H331999: Internal Advice Request; Classification of stainless steel and zinc panels

Ruling: (1) 7308.90.9590, 9903.88.02, free + 25%, “Structures (excluding prefabricated building of heading 9406) and parts of structures … of iron or steel; plates, rods, angles, shapes, sections, tubes and the like, prepared for use in structures, of iron or steel: Other: Other: Other: Other: Other.” (2) 7907.00.6000, 9903.88.03, 3% + 25%, “Other articles of zinc: Other.”
Issue: (1) Are the subject stainless steel panels classified in subheading 7308.90.9560 as “Structures (excluding prefabricated building of heading 9406) and parts of structures … of iron or steel; plates, rods, angles, shapes, sections, tubes and the like, prepared for use in structures, of iron or steel: Other: Other: Other: Other: Architectural and ornamental work”; in subheading 7308.90.9590 as “Structures (excluding prefabricated building of heading 9406) and parts of structures … of iron or steel; plates, rods, angles, shapes, sections, tubes and the like, prepared for use in structures, of iron or steel: Other: Other: Other: Other: Other”; or in subheading 7610.90.0080, as “Aluminum structures (excluding prefabricated buildings of heading 9406) and parts of structures (for example, bridges and bridge-section, towers, lattice masts, roofs, roofing frameworks, doors and windows and their frames and thresholds for doors, balustrades, pillars and columns); aluminum plates, rods, profiles tubes and the like, prepared for use in structures: Other: Other: Other.”? (2) Are the subject zinc panels classified in subheading 7610.90.0080 as “Aluminum structures (excluding prefabricated buildings of heading 9406) and parts of structures (for example, bridges and bridge-section, towers, lattice masts, roofs, roofing frameworks, doors and windows and their frames and thresholds for doors, balustrades, pillars and columns); aluminum plates, rods, profiles tubes and the like, prepared for use in structures: Other: Other: Other”; in subheading 7905.00.0000 as “Zinc plates, sheets, strip and foil”; or in subheading 7907.00.6000, as “Other articles of zinc: Other.”?
Item: Stainless steel and zinc panels used as building materials for Overgaard’s School of Music (“SOM”) project. (1) The stainless steel panels at issue are bent stainless steel panels with small aluminum clips attached. The aluminum clips connect the panels together and are not themselves structural aluminum components. Some of the stainless steel panels include small aluminum supports. The stainless steel panels make up a portion of the final SOM project that is beneath the window curtain wall or above the curtain wall. The stainless steel panels are independent of the curtain wall and are not connected to it. Based on the commercial invoices, the stainless steel portion of the panels predominates over the aluminum portion by value and by weight. (2) According to Overgaard’s submission, the zinc panels are made from zinc sheets from Germany that are sent to China to be cut and bent. Extruded aluminum brackets/clips are then added to the back of the panels in China. The zinc panels include a zinc lip around some or all of the outer edges. These panels are rainscreen wall panels and are described as individual panels that connect to a solid concrete wall, and not to one another.

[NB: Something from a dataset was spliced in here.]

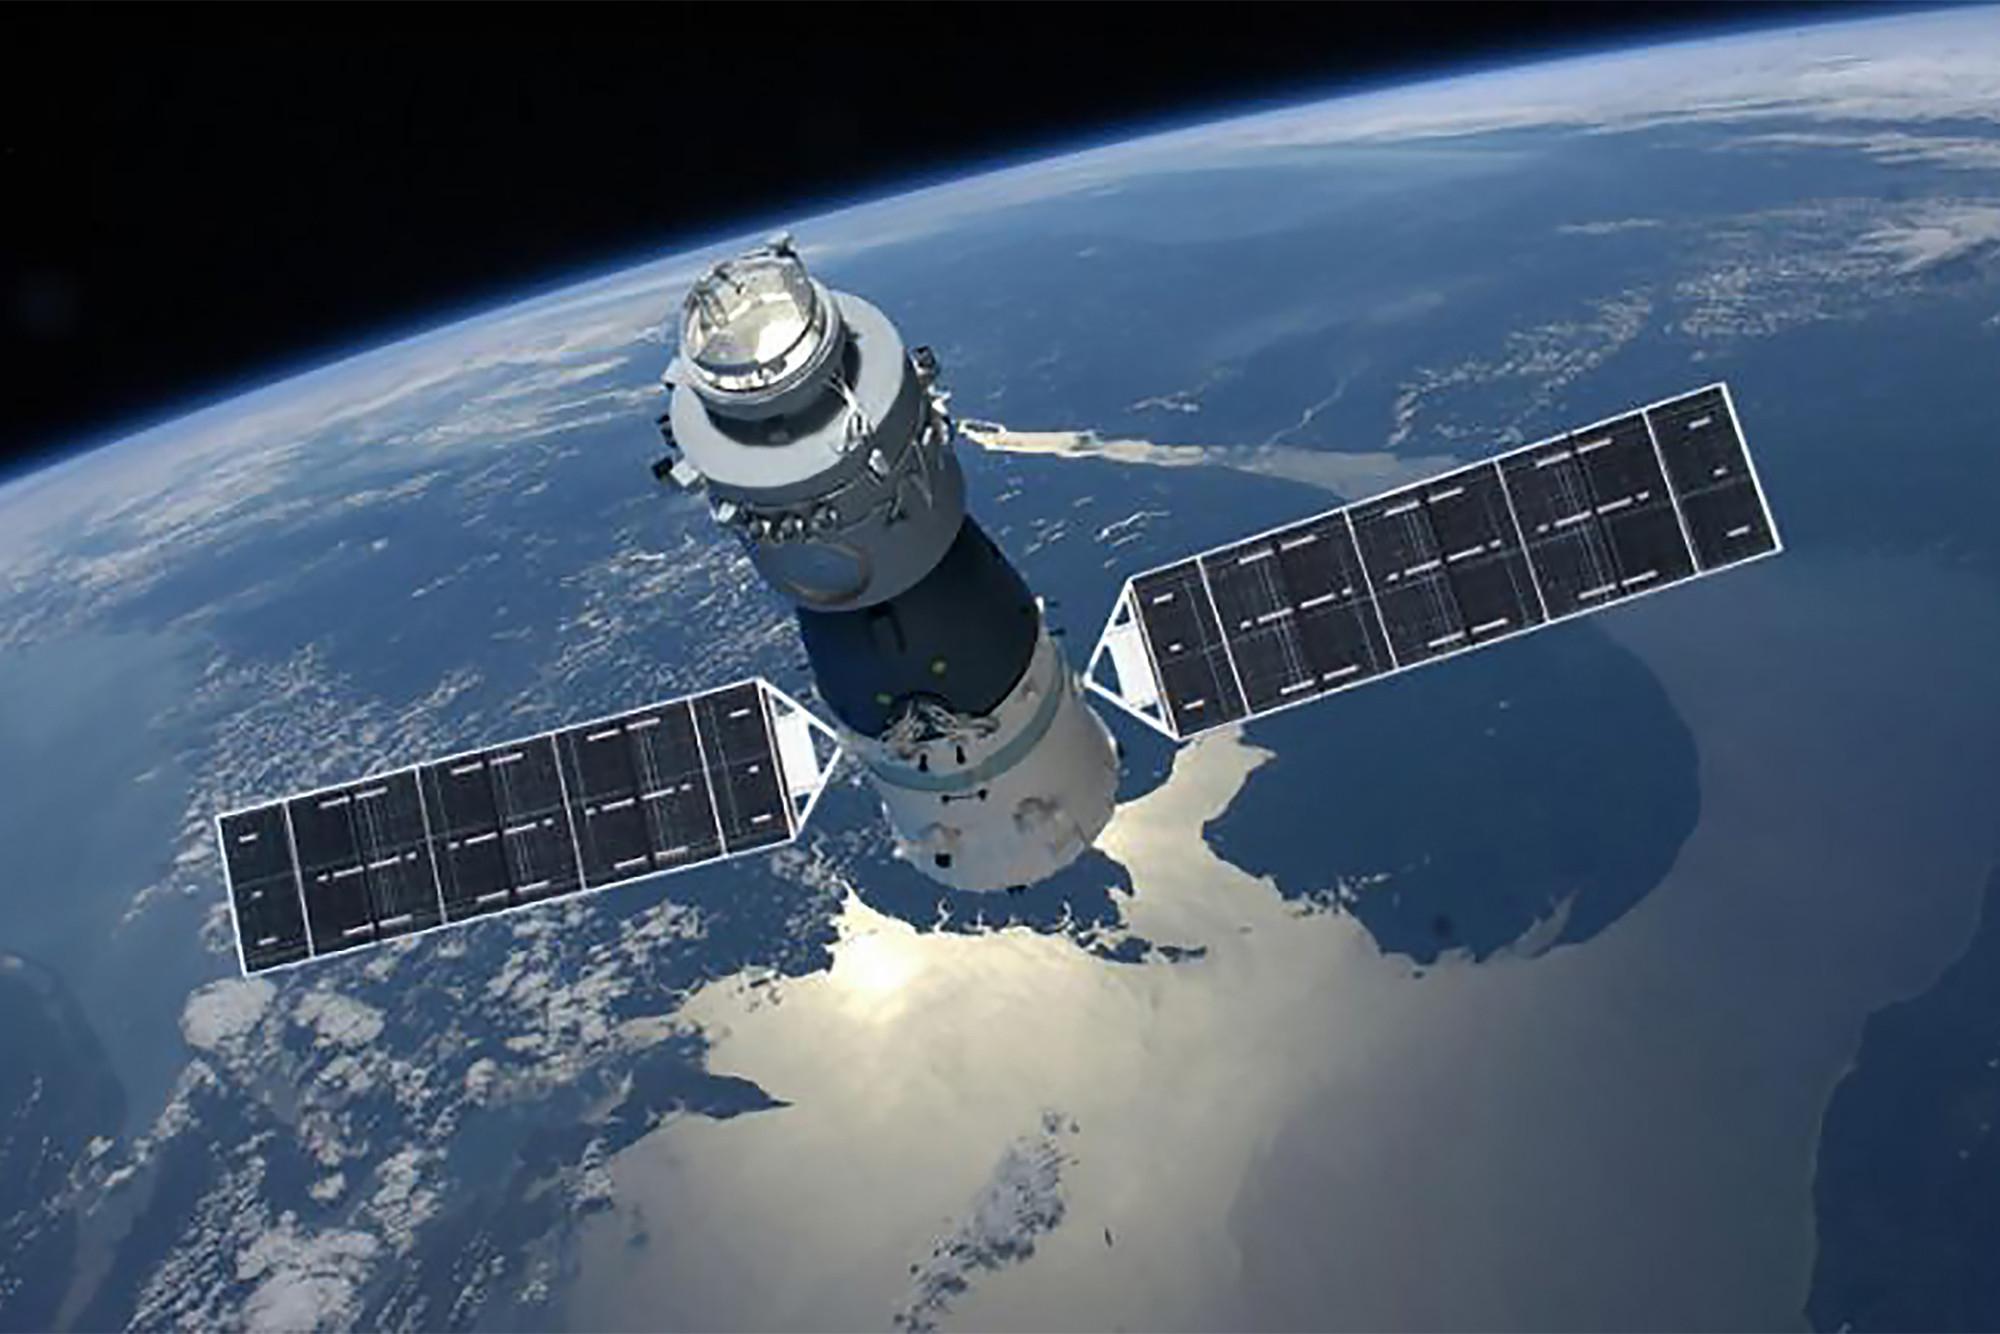 ESA уточнило сроки падения китайской станции «Тяньгун-1» на Землю, но никто по-прежнему не знает, куда именно она упадет

Reason: Because the stainless steel and zinc panels are composite goods, they are classified under GRI 3(b), as if they consisted of the material or component which gives them their essential character. Additionally, note 7 to section XV provides that composite articles of base metal containing two or more base metals are to be treated as articles of the base metal predominating by weight over each of the other materials. Here, the stainless steel component of the stainless steel panels, and the zinc component of the zinc panels, predominate by weight and value over the aluminum component. According to the submitted documentation, the stainless steel or zinc is the facing material, and the aluminum components serve only supporting roles in attaching the stainless steel panel to the concrete wall behind it.